Так что с моралью у Эйхмана всё обстояло спокойно и мирно: никаких терзаний, никаких угрызений совести. Она, эта совесть, надежно укрылась психологическими щитами, без которых не удалось бы сохранить собственный безупречный образ, созданный фантазией.

Нарцисс за работой

Есть ли какая-то возможность оценить личный вклад Адольфа Эйхмана в трагедию Холокоста, вклад не начальника подотдела ⅣВ4 гестапо, не оберштурмбанфюрера СС, но человека?

Конечно, окажись на месте Эйхмана офицер с обычным, банальным характером, не стремящийся стать сильной фигурой в борьбе рас и наций, подотдел и тогда работал бы, проводя депортации и исправно отправляя эшелоны в Освенцим. И все же, как мне кажется, некоторому числу преследуемых удалось бы спастись. Это, конечно, не были бы миллионы, но тысячи и, возможно, десятки тысяч.

Когда к Эйхману обращались с просьбой сохранить жизнь кому-то из евреев, он неизменно отказывал, даже если это было ходатайство офицера СС, даже если просьба обосновывалась пользой для Рейха.

Любое исключение казалось ему посягательством на величие задачи, которую он взял на себя, но так же и на его личную, исключительную роль в её завершении. Он превозносил свои успехи и страдал при неудачах.

Вершина всех усилий и предмет его гордости — массовая депортация более чем четырехсот тысяч венгерских евреев в течение нескольких недель: «это действительно было достижением, равным которому не было ни до, ни после этого». Болезненным ударом явилась неудача в Дании. «Я должен был отменить мои транспорты и это было страшным позором для меня».»[9]
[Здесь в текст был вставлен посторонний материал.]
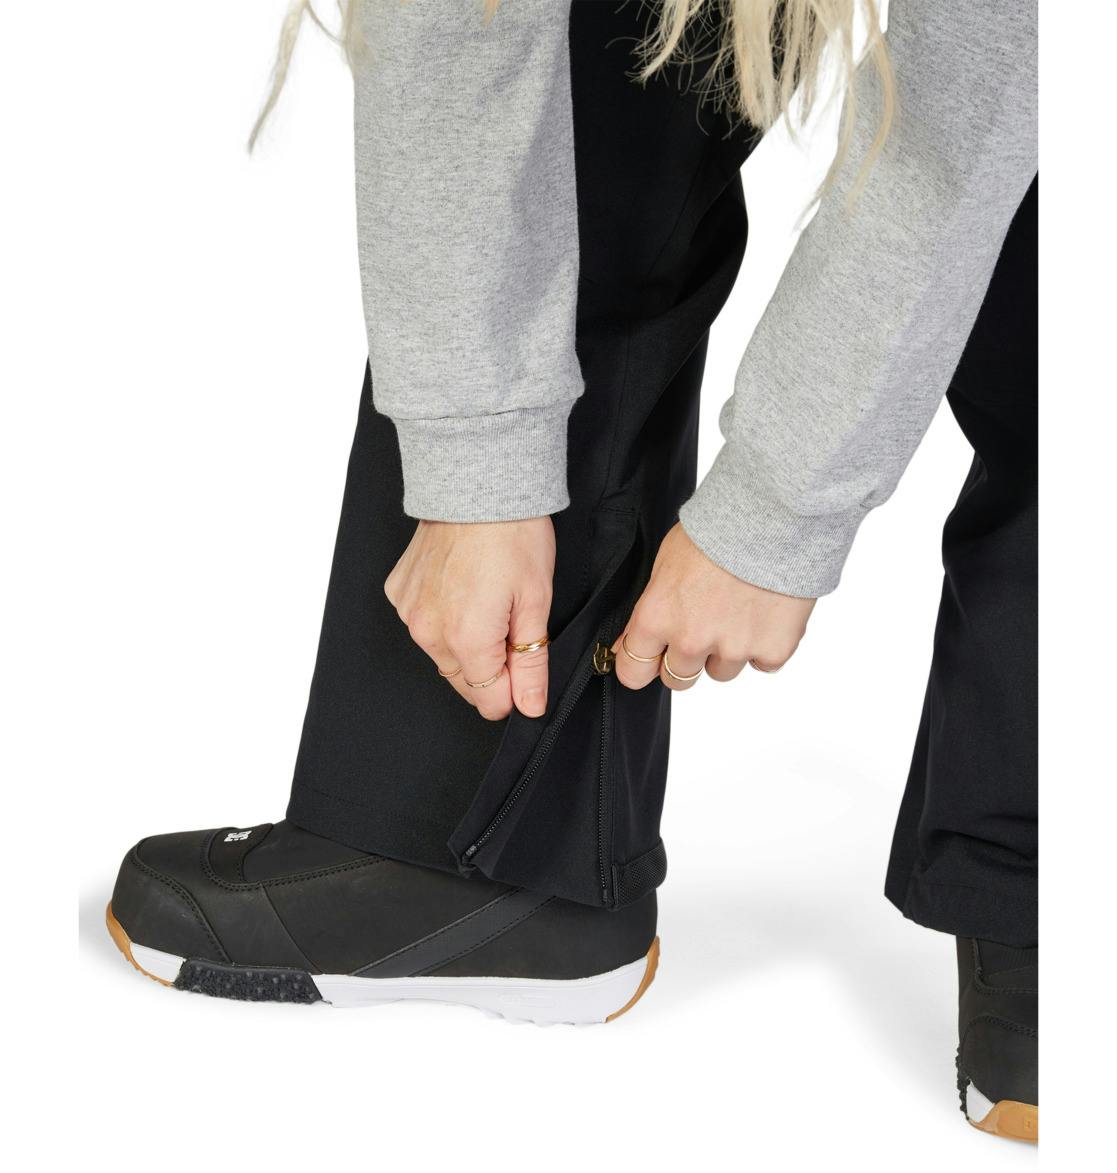 Dc Shoes Valiant - Technical Snow Bib Pants For Women - Black

Эйхман продолжал свою кровавую работу даже и тогда, когда военное поражение стало очевидным и многие нацисты больше всего думали о собственном спасении. Для него крушение Рейха означало не только угрозу жизни и благополучию, но и психологический удар, который лишал его редкой, невероятной для нарцисса удачи — роли вершителя судеб миллионов.

«Маленькие эйхманы» и Адольф Эйхман. Из книги Ханны Аренд родился архитипический образ убийцы-бюрократа, человека заурядных личностных качеств — не фанатика, не садиста, не психопата, но исполнительного чиновника — необходимой, но легко заменяемой детали в большом механизме уничтожения.

Такого рода чиновники — «маленькие эйхманы», как их стали называть, несомненно существовали и составляли, вероятно, немалую часть репрессивной машины.

Эйхман в Иерусалиме, спустившись с котурн, выступил на судебной сцене именно в этой роли и был настолько убедителен, что ему поверили даже такие отнюдь не наивные люди как философ Ханна Арендт и охотник за нацистами Симон Визенталь.

Но Эйхман Берлина, Вены и Будапешта никоим образом не принадлежал к этой категории. Д-р Шломо Кульчер, проводивший судебно-психиатрическую экспертизу, видел в нем человека с выраженными агрессивными инстинктами, жаждой уничтожения и стремлением к власти — они, а вовсе не слепое подчинение приказам направляли его активность.

Мне кажется, однако, что в многочисленных откровениях Эйхмана, в свидетельствах тех, кто знал его в период наибольшей активности, во всём рисунке его поведения выступает главный личный мотив, главный двигатель его поведения — укрепление и защита созданного фантазией нарциссического образа.

Кровавая работа эйхманов стала возможной из-за широкого распространения в обществе порочной системы понятий, которая позволяла без особого морального беспокойства совмещать обычную человеческую жизнь с самыми жуткими преступлениями. Пример этой системы — приведенная выше выдержка из речи Эйхмана перед аргентинскими нацистами. Дело здесь не в сомнительных утверждениях или фактических ошибках, которых тоже немало. Порочность всего построения в том, что главный его принцип утверждается вопреки очевидной истине.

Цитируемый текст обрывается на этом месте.